*Exercise*
Below this line are records; write out exactly the lines from the one containing "John Holme Optometrist Mareeba" through the one containing "How to put up tile backsplash", with the pictures left out.

*Dataset*

..............................

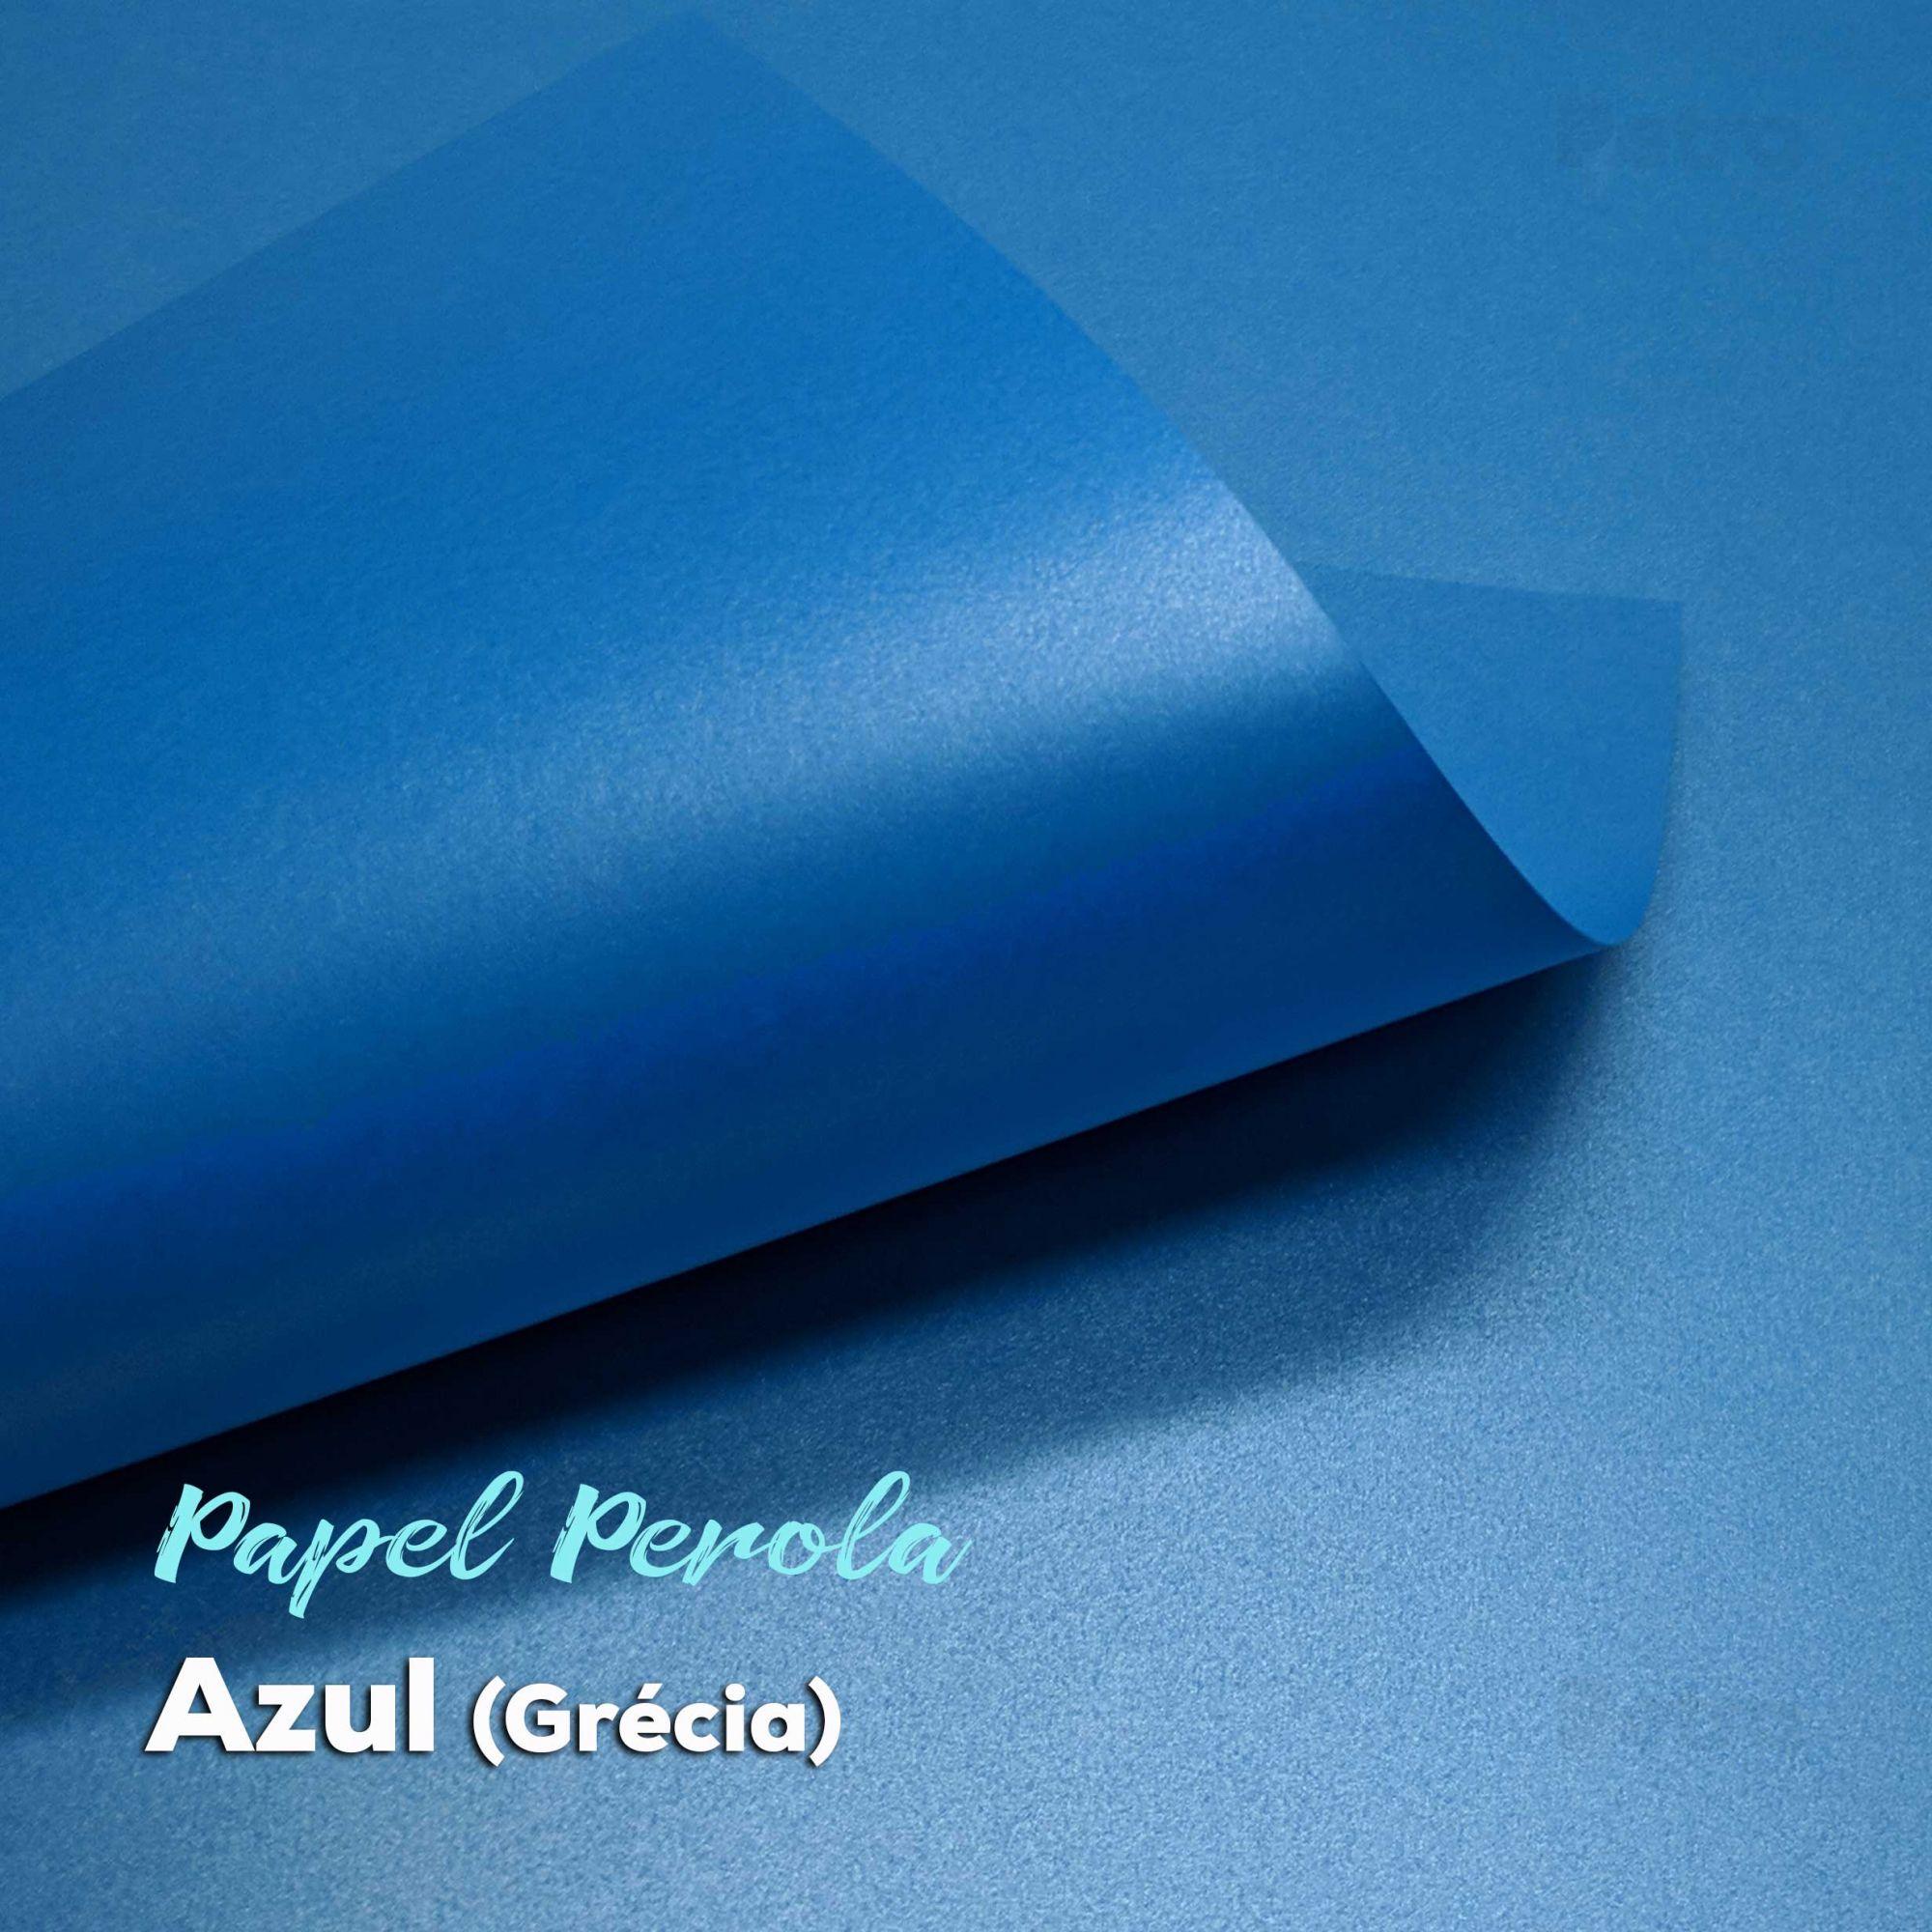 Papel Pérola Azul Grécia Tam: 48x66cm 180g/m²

..............................

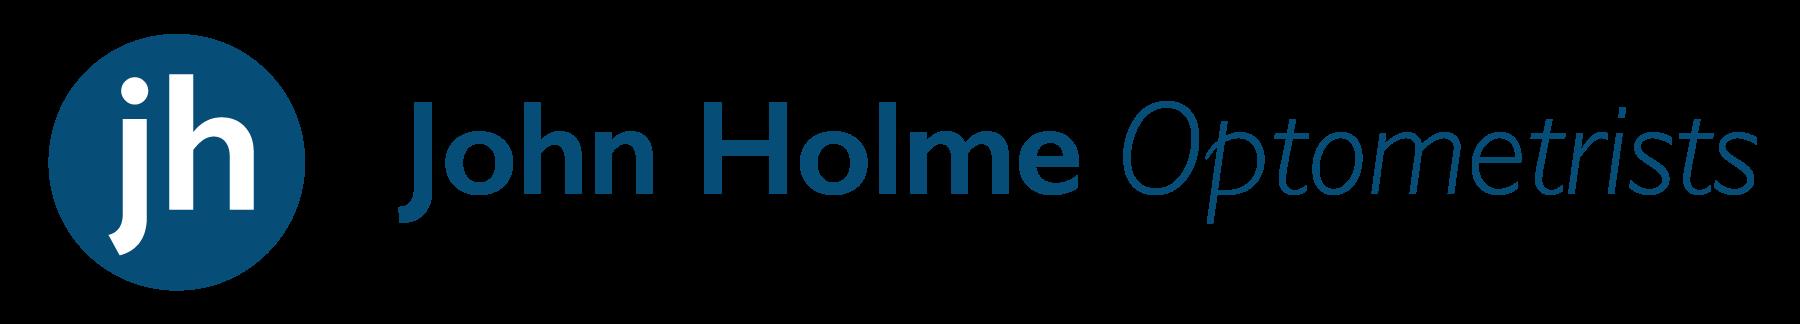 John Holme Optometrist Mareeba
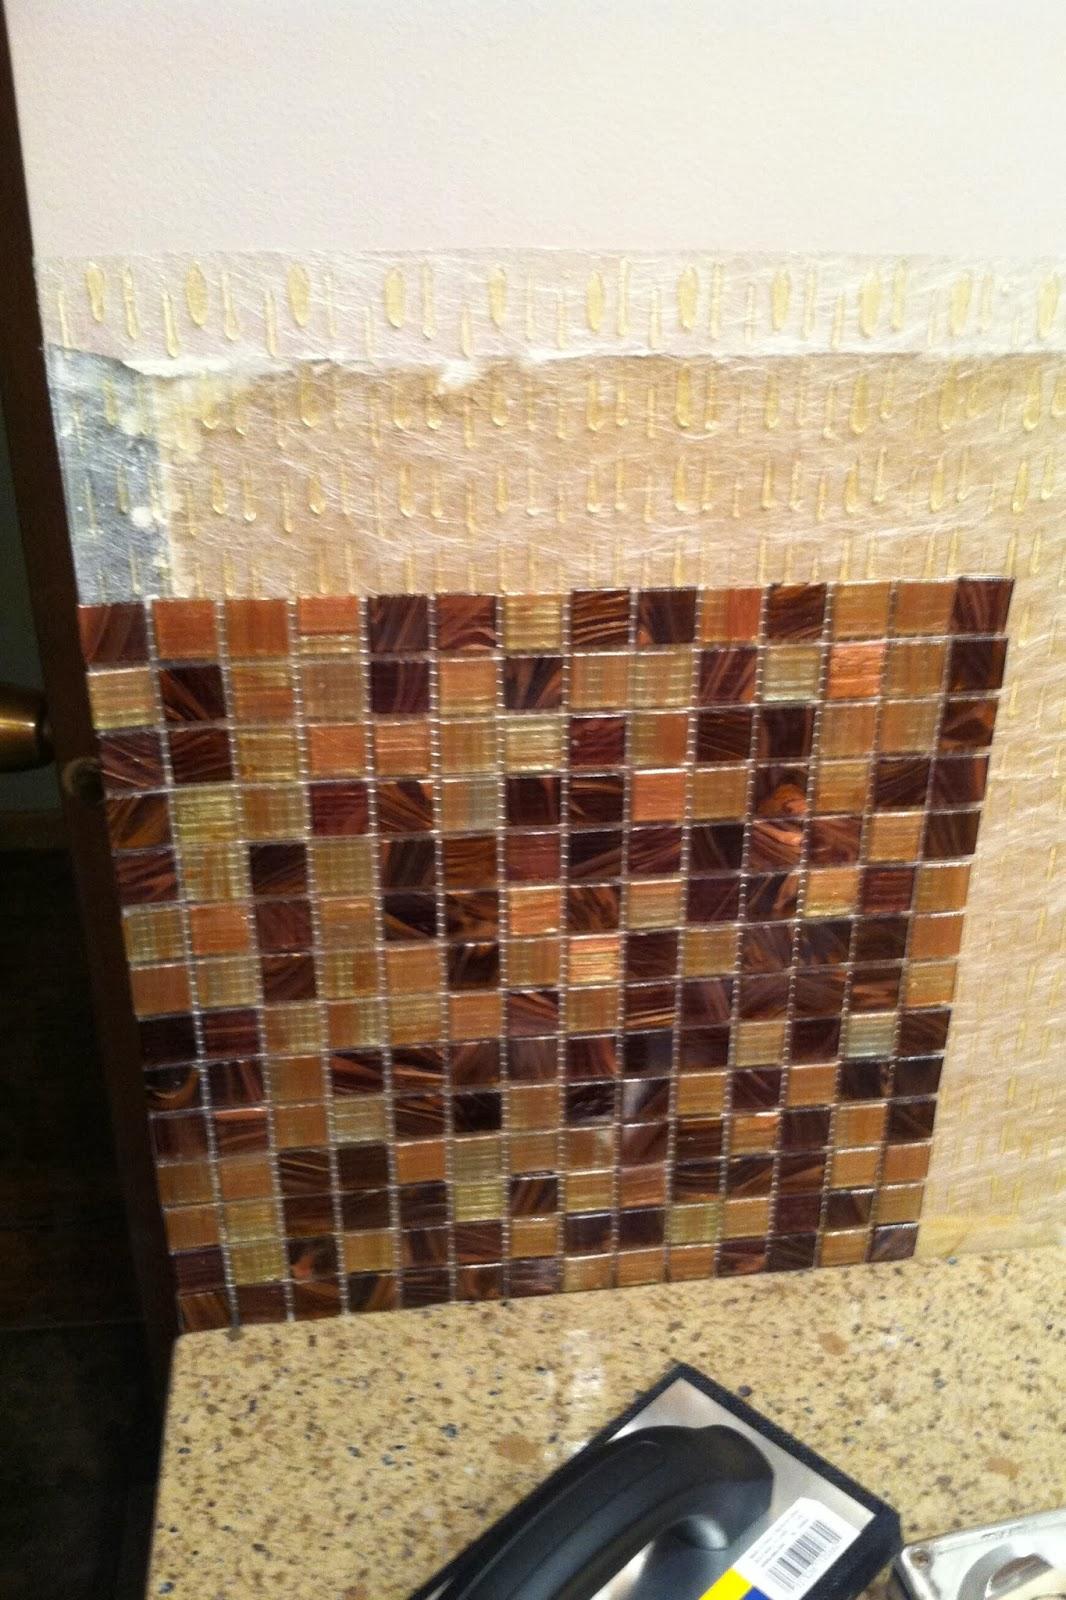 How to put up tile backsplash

..............................

*Your solution*
 John Holme Optometrist Mareeba
 How to put up tile backsplash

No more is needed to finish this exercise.